Videos show (Western and Zio-Nazi backed) Syrian rebels cutting prisoners’ throats

NOVANEWS
Rebels from Al-Qaida affiliated Jabhat al-Nusra, wave their brigade flag

Release of videos comes amid Western concern that extremist Islamist groups are gaining influence among Syrian rebels.

Haaretz
Extremist rebel groups in Syria have carried out death sentences on prisoners by cutting their throats, an opposition human rights group reported Tuesday.
Two videos released by the Britain-based Syrian Observatory for Human Rights appeared to show rebels cutting the throats of a prisoner accused of collaborating with the regime and a captured soldier.
The video of the first apparent killing begins with a man, holding a long thin knife, announcing a verdict against a prisoner for collaborating with the regime and “spreading corruption on earth”.
He is then shown handing the knife to another man who cuts the throat of a bound and blindfolded man lying on the ground.
Rami Abdel-Rahman, head of the Observatory, said that one of the two killings took place in Aleppo province, northern Syria, in January while the other was carried out in Daraa on an unknown date.
“This is an unacceptable act towards Syrian citizens,” Abdel-Rahman told DPA, arguing that the uprising against Syrian President Bashar Assad “started with a call for democracy and justice. Such acts are simply against what we believe in.”
The videos could not be independently verified.
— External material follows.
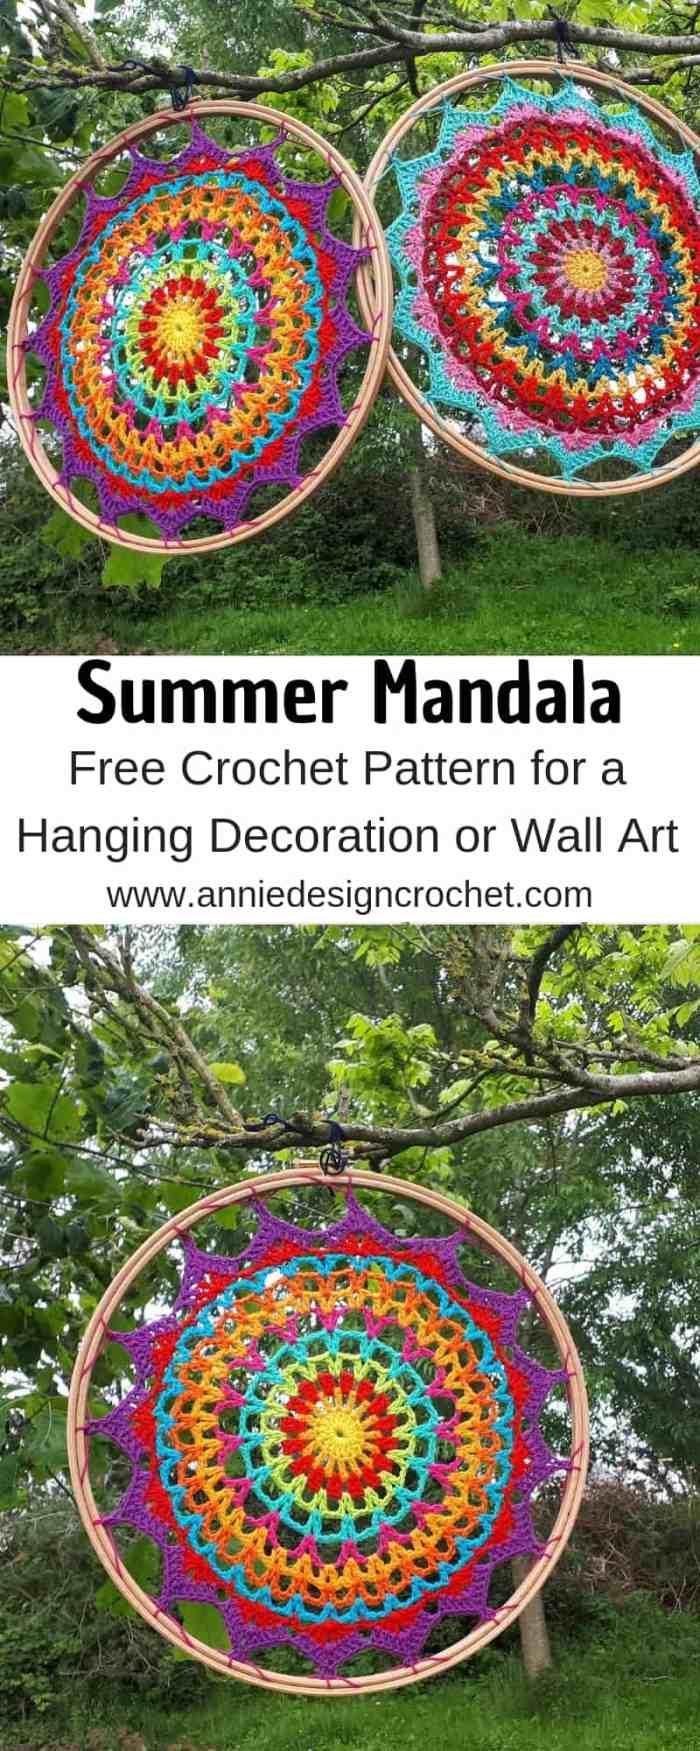 crochet mandala free pattern dream catcher wall art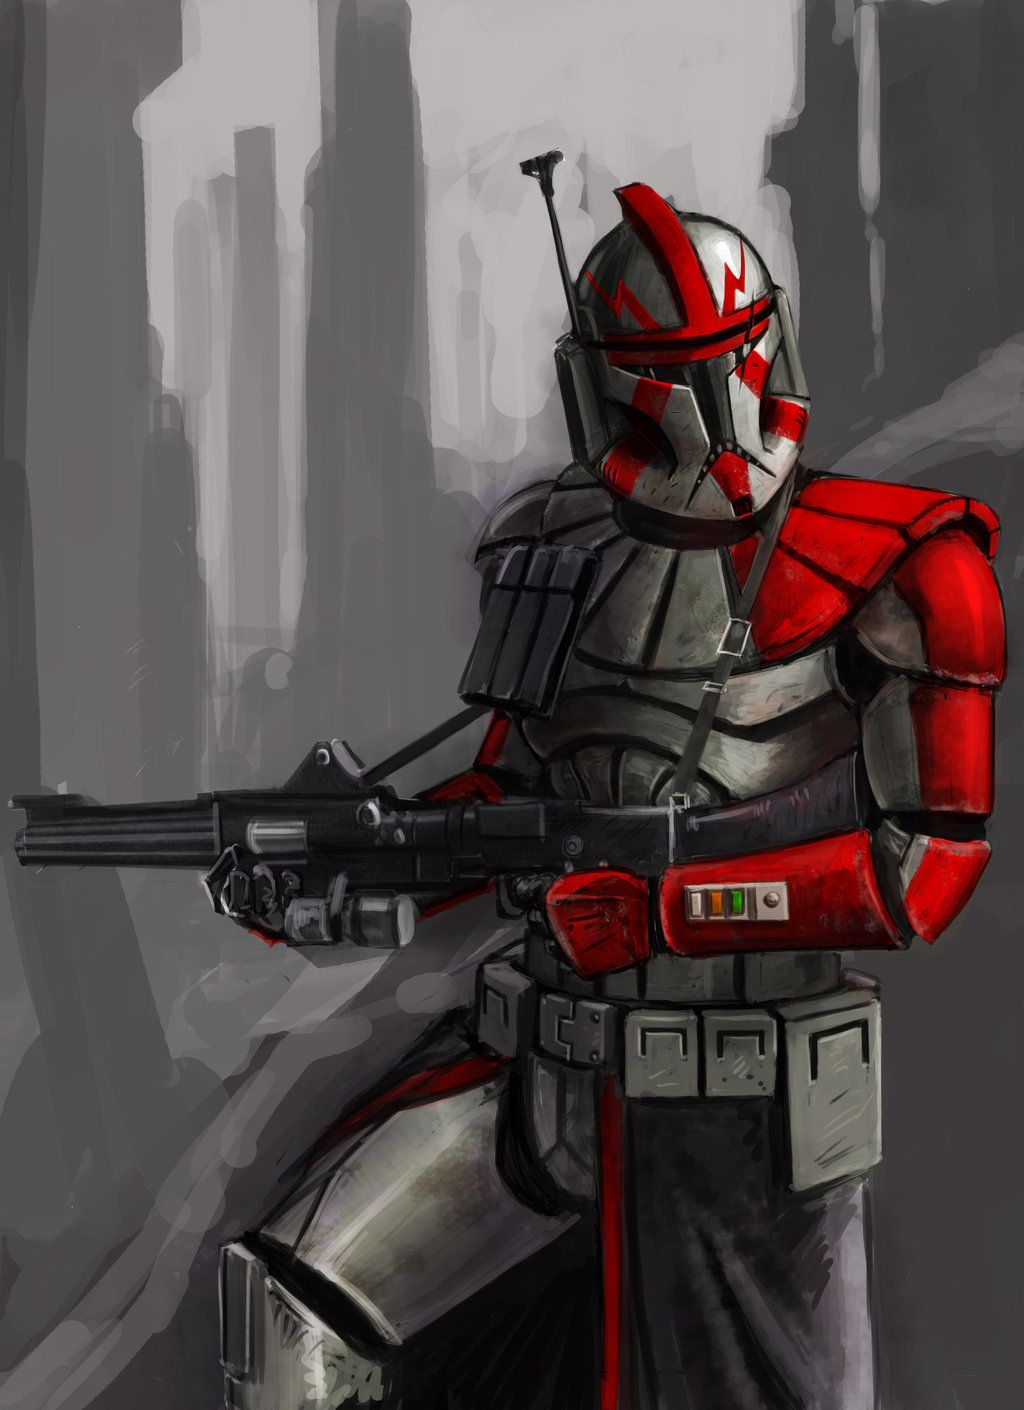 Clone Trooper By Andgil On Deviantart Star Wars Drawings Star Wars Images Star Wars Artwork

Abdel-Rahman declined to name the groups responsible for the killings.
Western countries have increasingly expressed fears lately that extremist Islamist groups are gaining influence among Syrian rebels.
In December, the United States listed one of the most prominent Islamist rebel groups, the Al-Nousra Front, as a terrorist organization.
State media reported that scores of “terrorists” – a term used by the regime to refer to rebels – were killed or injured as the army targeted their positions in the Sheikh Miskeen district, on the eastern outskirts of Daraa.
Nearly two years into the conflict in Syria, the death toll stands at 60,000, according to UN estimates, with some 600,000 refugees and two million internally displaced.
Meanwhile, the pro-regime newspaper Al-Watan, in a first semi-official response to the offer of talks made last week by Syrian opposition leader Moaz Khatib, said the call was significant but came “two years late”.
An editorial in Al-Watan rejected Khatib’s comments Monday on Al Jazeera television that “the ball is now in the regime’s court.”
Rather, it said, “two years have gone by, in which we have lost a lot because of the opposition’s stubbornness and their refusal to negotiate.”